Aber all dies konnte die Niedersächsische Landesregierung anscheinend nicht davon abhalten am Montag die seit Monaten heftig umstrittene und EU-rechtswidrige Wolfsverordnung zu beschließen. Die Regelungen dieser Verordnung gehen zum Teil noch einmal klar über die Grenzen der bundesgesetzlichen Regelungen der §§ 45, 45a BNatSchG hinaus, indem sie die zugrunde liegenden gesetzlichen Anforderungen unzulässig verkürzen und dadurch den Anwendungsbereich dieser Regelungen noch einmal erweitern. Hieran können auch die minimalen Anpassungen im Vergleich zum vorgelegten Entwurf nichts mehr ändern. Diese wolfsverachtende Politik soll heute dann ihren Höhepunkt darin finden, dass im niedersächsischen Landtag die Aufnahme des Wolfes in das Jagdrecht sowie die Möglichkeit einer sog. Schutzjagd diskutiert werden soll.
„Es war das Niedersächsische OVG, das in seinem Beschluss vom 26. Juni den zugrunde liegenden Bescheid insoweit für rechtswidrig erklärt hat, als es um die Umsetzung der neuen, erweiterten Möglichkeiten des BNatSchG ging. Und nun will Niedersachsen weiter voranpreschen und eine grundsätzlich mögliche Schutzjagd, an die nach der Rechtsprechung des EuGH höchste Anforderungen zu stellen sind, umsetzen? Hier sollte man erst einmal seine Hausaufgaben machen.“, so Christina Patt, Vorstandsmitglied bei der Deutschen Juristischen Gesellschaft für Tierschutzrecht (DJGT).
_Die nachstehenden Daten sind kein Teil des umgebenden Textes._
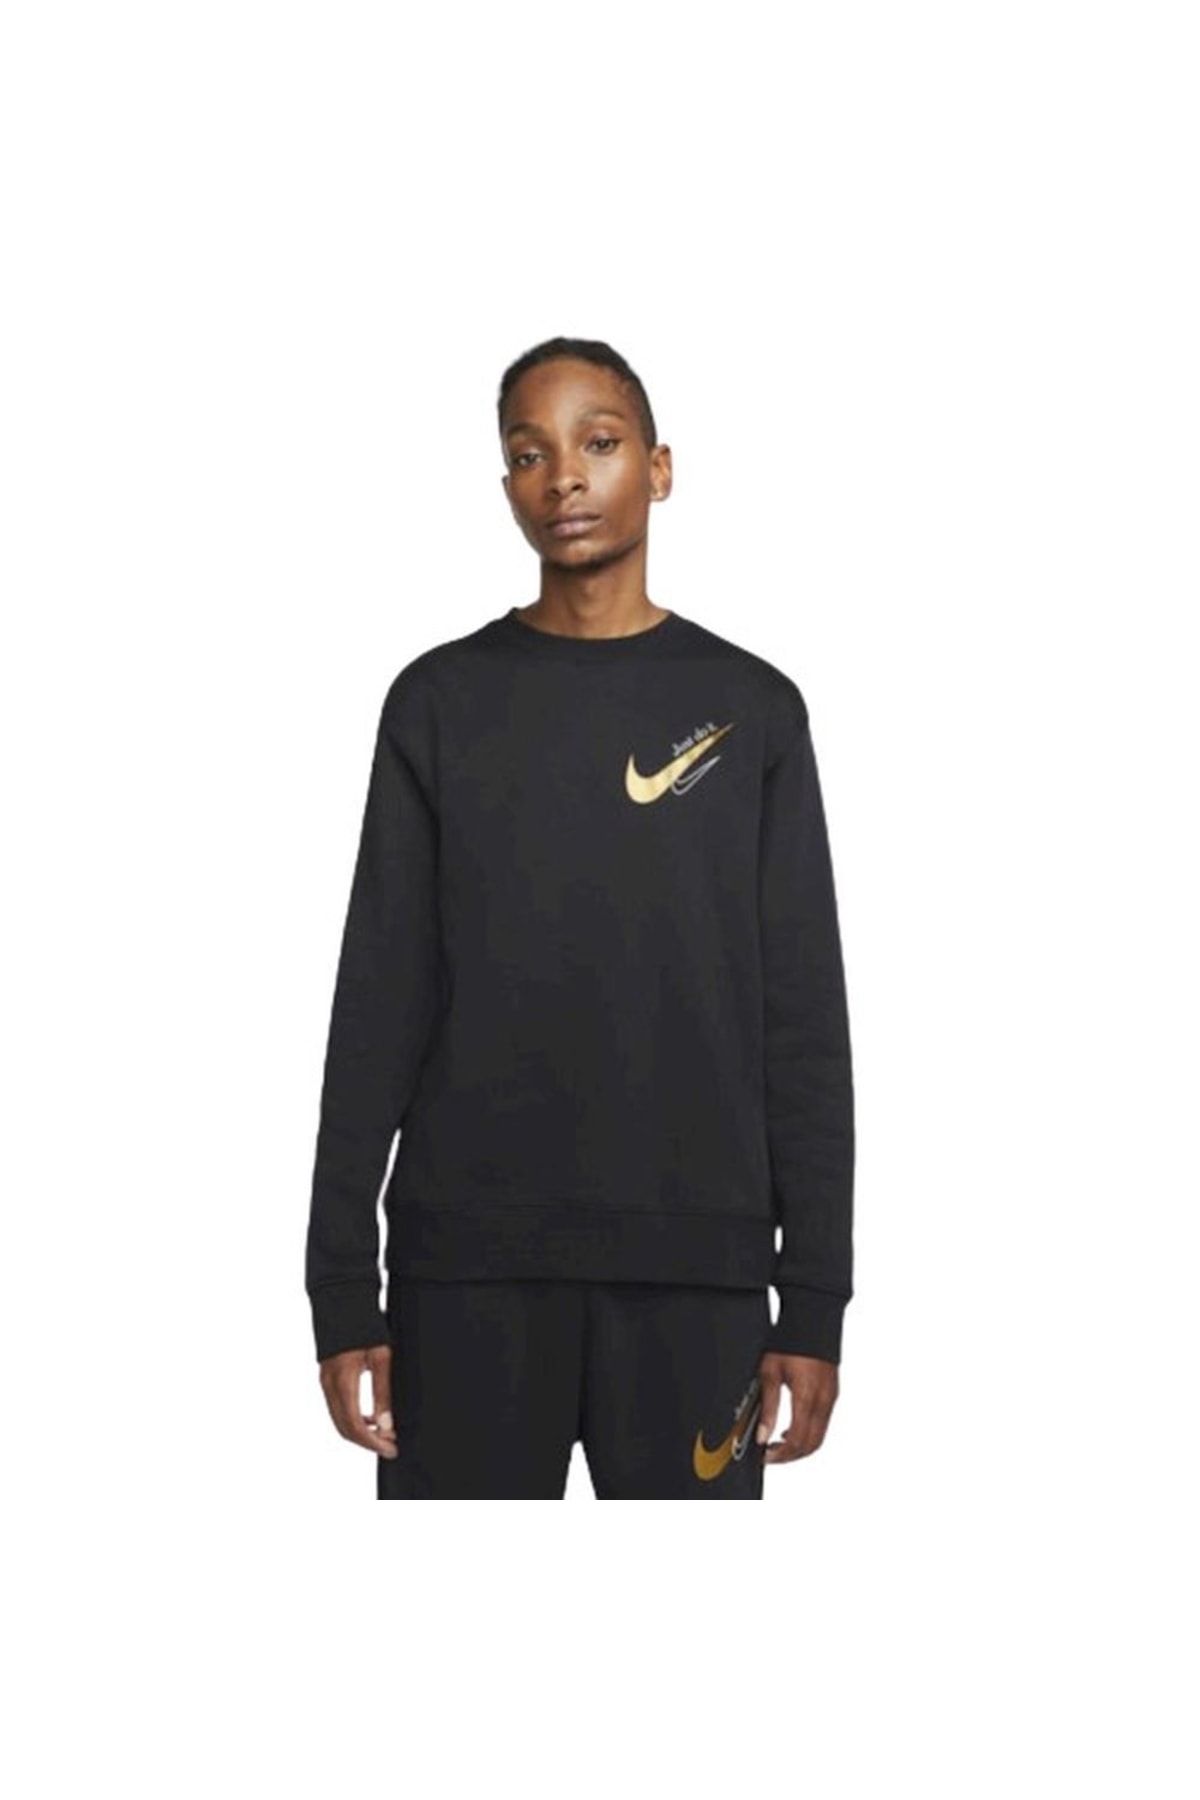 Nike Sportswear Men's Fleece Sweatshirt-dr9272-010
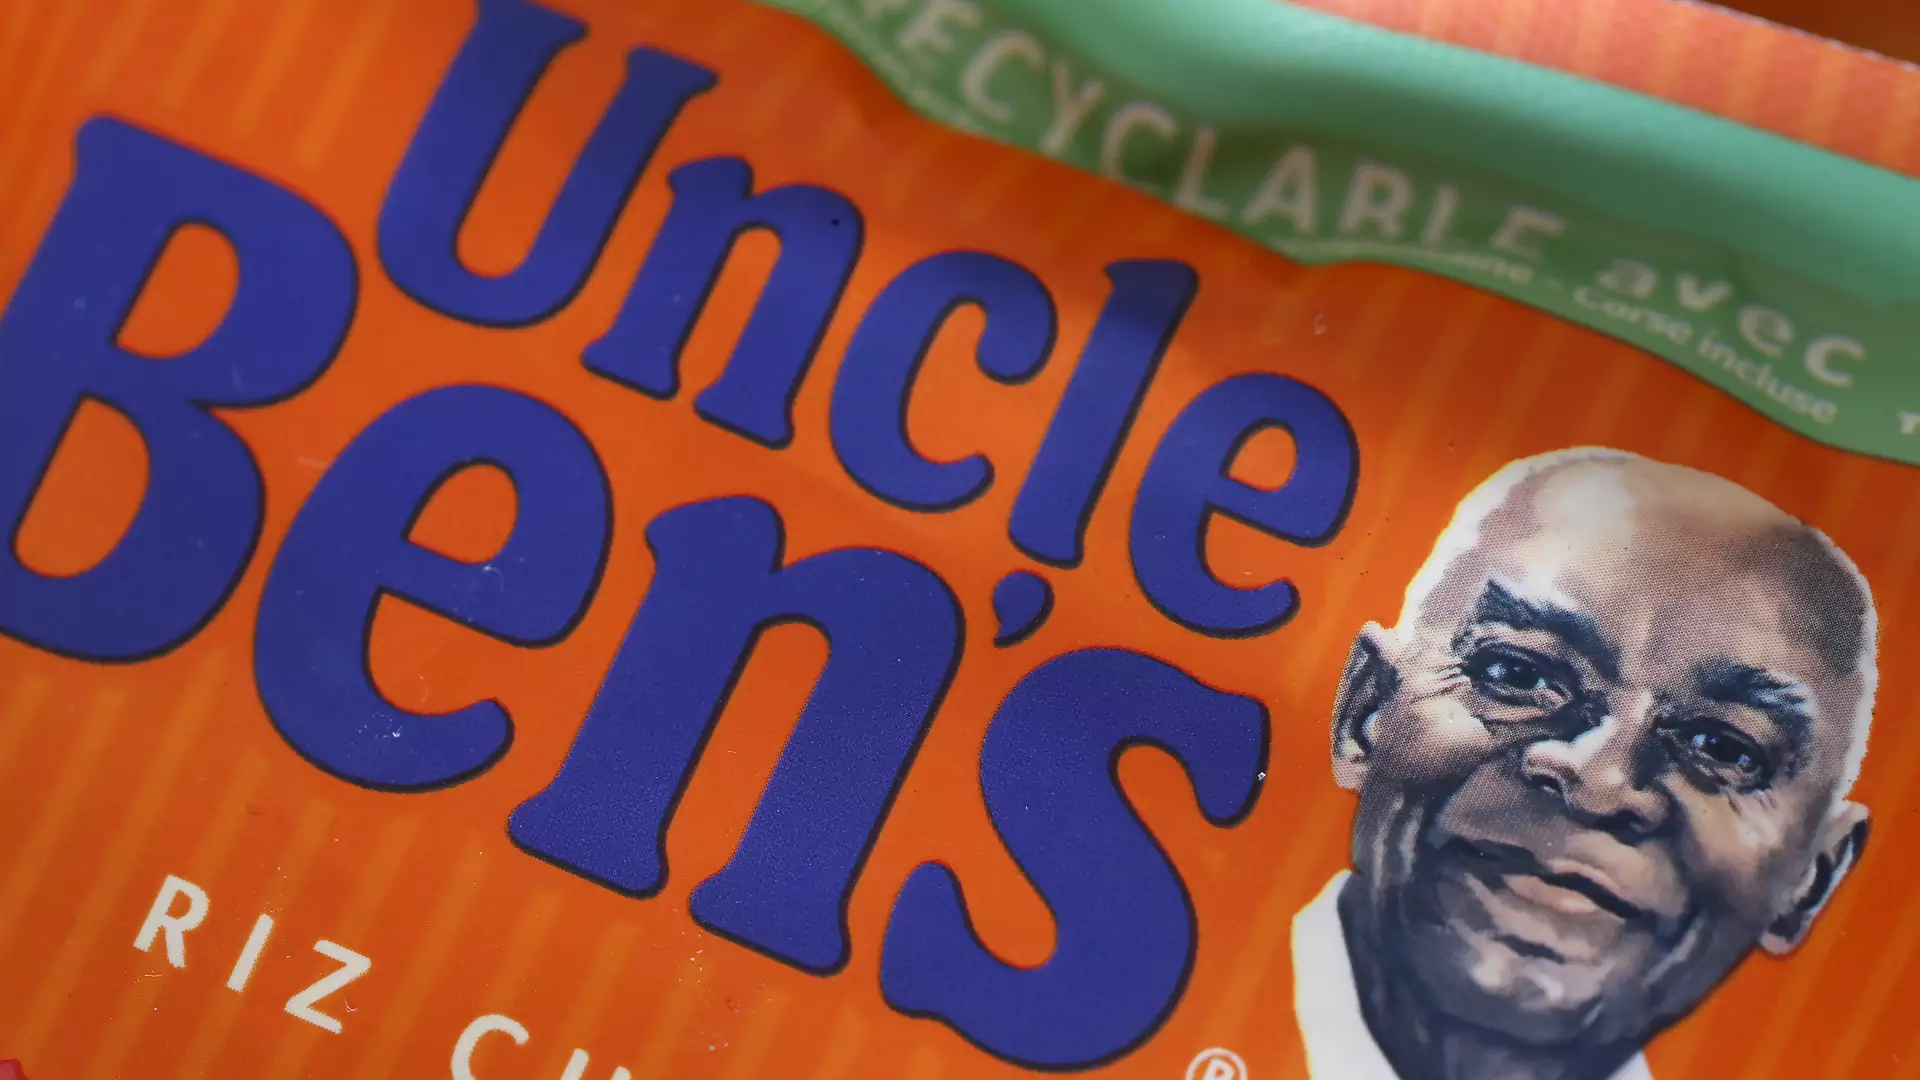 Ryż Uncle Ben's już bez rasistowskiej nazwy. Firma zaprezentowała nowe logo

Dazu Dieter Ruhnke vom Landestierschutzverband Niedersachsen: „Wie befürchtet nutzt die Landesregierung das Anfang des Jahres geänderte Bundesnaturschutzgesetzes als Generalvollmacht, um den Tier- und Artenschutz in Sachen „Wolf“ nach Belieben aufzuheben. Die jetzt verfolgte Absicht von CDU und SPD, die Schutzjagd gegen den Wolf zu ermöglichen, stellen einen tiefgreifenden Einschnitt in den Tier- und Artenschutzschutz dar, unterlaufen die Grundsätze rechtsstaatlicher Prinzipien und bestätigen unsere Sorge um den Tier- und Artenschutz in Niedersachsen“.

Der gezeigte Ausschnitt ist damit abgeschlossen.